Problem details> Print out each entry below exactly, please.

Source data>
========================================================================

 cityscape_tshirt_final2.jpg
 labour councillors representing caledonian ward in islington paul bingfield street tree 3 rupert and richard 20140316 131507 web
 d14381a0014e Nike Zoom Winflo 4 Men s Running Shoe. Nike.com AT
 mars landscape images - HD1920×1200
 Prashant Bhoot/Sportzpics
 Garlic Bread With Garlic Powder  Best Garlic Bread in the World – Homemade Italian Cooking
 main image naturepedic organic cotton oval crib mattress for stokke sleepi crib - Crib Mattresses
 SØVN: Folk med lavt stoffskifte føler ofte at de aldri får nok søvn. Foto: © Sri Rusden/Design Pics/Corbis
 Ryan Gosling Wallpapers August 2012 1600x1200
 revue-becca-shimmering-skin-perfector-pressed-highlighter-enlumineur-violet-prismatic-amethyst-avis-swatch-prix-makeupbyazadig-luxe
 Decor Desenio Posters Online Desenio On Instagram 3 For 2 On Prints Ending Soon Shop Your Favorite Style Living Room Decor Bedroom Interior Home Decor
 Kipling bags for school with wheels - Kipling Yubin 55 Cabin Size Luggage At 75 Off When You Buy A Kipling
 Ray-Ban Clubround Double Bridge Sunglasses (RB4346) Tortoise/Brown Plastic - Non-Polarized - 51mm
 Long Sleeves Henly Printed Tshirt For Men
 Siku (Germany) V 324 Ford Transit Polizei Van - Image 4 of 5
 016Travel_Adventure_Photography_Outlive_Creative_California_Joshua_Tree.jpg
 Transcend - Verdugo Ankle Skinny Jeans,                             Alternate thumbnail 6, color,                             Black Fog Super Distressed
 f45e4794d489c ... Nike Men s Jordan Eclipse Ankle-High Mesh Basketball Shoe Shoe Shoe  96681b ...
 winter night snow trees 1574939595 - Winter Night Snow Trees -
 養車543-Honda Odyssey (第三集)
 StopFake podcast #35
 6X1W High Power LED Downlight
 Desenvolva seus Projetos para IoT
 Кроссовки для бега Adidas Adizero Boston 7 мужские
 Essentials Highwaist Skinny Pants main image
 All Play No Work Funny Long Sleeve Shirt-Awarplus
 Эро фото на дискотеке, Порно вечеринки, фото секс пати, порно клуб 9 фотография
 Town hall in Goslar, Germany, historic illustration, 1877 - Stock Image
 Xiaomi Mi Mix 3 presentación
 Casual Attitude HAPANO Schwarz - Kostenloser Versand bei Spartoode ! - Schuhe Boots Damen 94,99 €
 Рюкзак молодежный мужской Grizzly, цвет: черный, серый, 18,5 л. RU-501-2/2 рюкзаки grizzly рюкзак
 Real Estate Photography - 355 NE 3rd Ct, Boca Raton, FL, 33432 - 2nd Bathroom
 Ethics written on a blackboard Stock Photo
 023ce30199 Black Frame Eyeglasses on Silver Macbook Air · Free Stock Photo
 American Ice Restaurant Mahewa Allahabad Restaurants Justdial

========================================================================

Answer section>
 cityscape_tshirt_final2.jpg
 labour councillors representing caledonian ward in islington paul bingfield street tree 3 rupert and richard 20140316 131507 web
 d14381a0014e Nike Zoom Winflo 4 Men s Running Shoe. Nike.com AT
 mars landscape images - HD1920×1200
 Prashant Bhoot/Sportzpics
 Garlic Bread With Garlic Powder  Best Garlic Bread in the World – Homemade Italian Cooking
 main image naturepedic organic cotton oval crib mattress for stokke sleepi crib - Crib Mattresses
 SØVN: Folk med lavt stoffskifte føler ofte at de aldri får nok søvn. Foto: © Sri Rusden/Design Pics/Corbis
 Ryan Gosling Wallpapers August 2012 1600x1200
 revue-becca-shimmering-skin-perfector-pressed-highlighter-enlumineur-violet-prismatic-amethyst-avis-swatch-prix-makeupbyazadig-luxe
 Decor Desenio Posters Online Desenio On Instagram 3 For 2 On Prints Ending Soon Shop Your Favorite Style Living Room Decor Bedroom Interior Home Decor
 Kipling bags for school with wheels - Kipling Yubin 55 Cabin Size Luggage At 75 Off When You Buy A Kipling
 Ray-Ban Clubround Double Bridge Sunglasses (RB4346) Tortoise/Brown Plastic - Non-Polarized - 51mm
 Long Sleeves Henly Printed Tshirt For Men
 Siku (Germany) V 324 Ford Transit Polizei Van - Image 4 of 5
 016Travel_Adventure_Photography_Outlive_Creative_California_Joshua_Tree.jpg
 Transcend - Verdugo Ankle Skinny Jeans,                             Alternate thumbnail 6, color,                             Black Fog Super Distressed
 f45e4794d489c ... Nike Men s Jordan Eclipse Ankle-High Mesh Basketball Shoe Shoe Shoe  96681b ...
 winter night snow trees 1574939595 - Winter Night Snow Trees -
 養車543-Honda Odyssey (第三集)
 StopFake podcast #35
 6X1W High Power LED Downlight
 Desenvolva seus Projetos para IoT
 Кроссовки для бега Adidas Adizero Boston 7 мужские
 Essentials Highwaist Skinny Pants main image
 All Play No Work Funny Long Sleeve Shirt-Awarplus
 Эро фото на дискотеке, Порно вечеринки, фото секс пати, порно клуб 9 фотография
 Town hall in Goslar, Germany, historic illustration, 1877 - Stock Image
 Xiaomi Mi Mix 3 presentación
 Casual Attitude HAPANO Schwarz - Kostenloser Versand bei Spartoode ! - Schuhe Boots Damen 94,99 €
 Рюкзак молодежный мужской Grizzly, цвет: черный, серый, 18,5 л. RU-501-2/2 рюкзаки grizzly рюкзак
 Real Estate Photography - 355 NE 3rd Ct, Boca Raton, FL, 33432 - 2nd Bathroom
 Ethics written on a blackboard Stock Photo
 023ce30199 Black Frame Eyeglasses on Silver Macbook Air · Free Stock Photo
 American Ice Restaurant Mahewa Allahabad Restaurants Justdial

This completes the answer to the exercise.